Fixed: Connection wizard could fail with “Network error” on the final Create step on WordPress 6.8 and newer, even when Verify reported authenticated successfully. The wizard now matches the pasted Application Password using the same WordPress core helper as the authentication subsystem (which supports the new fast-hash format introduced in WordPress 6.8), so connections are created correctly.
Improved: The wizard surfaces the actual server-side error message on HTTP failures instead of always showing the generic “Network error” string, making future failures easier to diagnose.
1.0.0
First public WordPress.org release.
Highlights:
WordPress 7.0 QA verified. Tested on a real WordPress 7.0 testbed, including the Abilities API bridge, admin UI, media/upload flows, auth methods, and deactivate/reactivate behaviour.

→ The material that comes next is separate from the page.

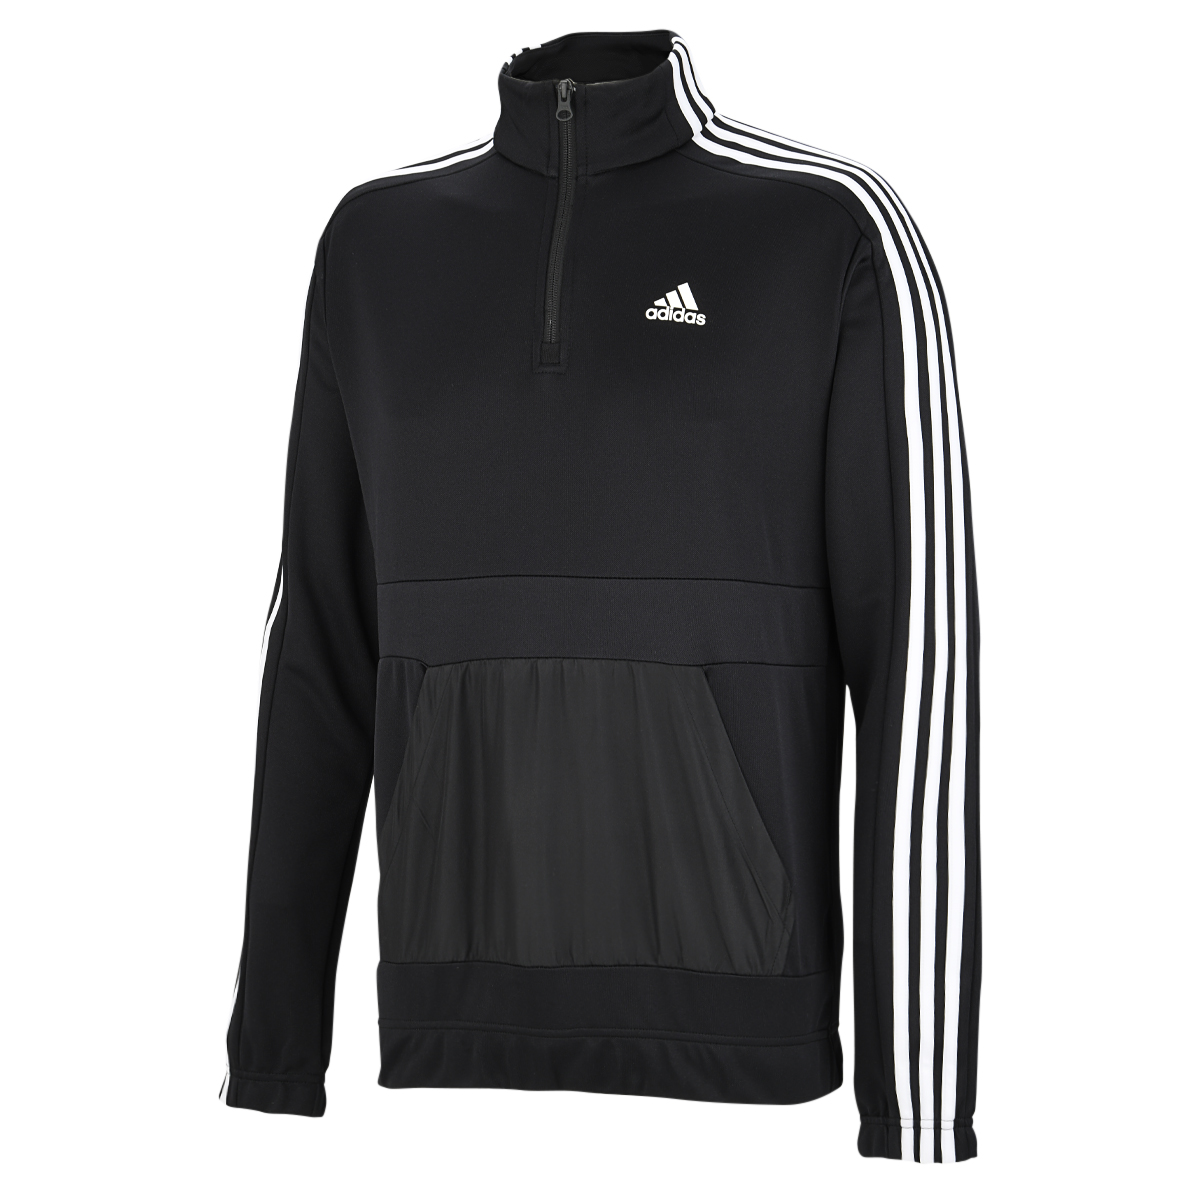 Conjunto adidas Tricot,  image number null

Health and ping endpoints. /wp-json/axtolab-ai-connector/v1/ping and /health-check report connection status and the installed plugin version.
Roll Back / Undo on every write. Every AI-driven create, update, publish, trash, or restore action captures a before/after snapshot. Revert any change with one click from the Logs & Roll Back admin page.
MCP tools across content authoring, media management, taxonomy, authors, Yoast SEO, stock photos, image generation, upload portal, connection introspection, and Roll Back.
Two authentication methods. Application Passwords (HTTP Basic) for Desktop AI clients, and OAuth 2.1 with PKCE S256 + dynamic client registration (RFC 7591) for Web AI clients on the MCP-over-HTTP transport.
Capability-group-driven tool filtering on the MCP transport — operators choose what AI agents on each connection are allowed to do (read, create_edit, publish, trash_restore, media_manage, taxonomy, authors, seo, image, upload_portal).
Provider-neutral SEO tools that auto-detect Yoast or Rank Math, with the legacy Yoast-specific tools retained for backwards compatibility.
Confirmation-token flow required for destructive operations (publish, trash, restore) — a single-use token must be issued before the action proceeds.
Per-connection privilege model — every MCP connection authenticates as a WordPress user (chosen by the administrator during setup, via the Application Password wizard); the plugin never creates WordPress users or roles. Connection capability set and the user’s WordPress role layer to determine what each tool call can do.
Submission readiness pass — feature settings stand alone (no inline upsells), all third-party services disclosed in the External Services section, the .mcpb Claude Desktop installer is hosted as a GitHub Release asset and linked from the setup page.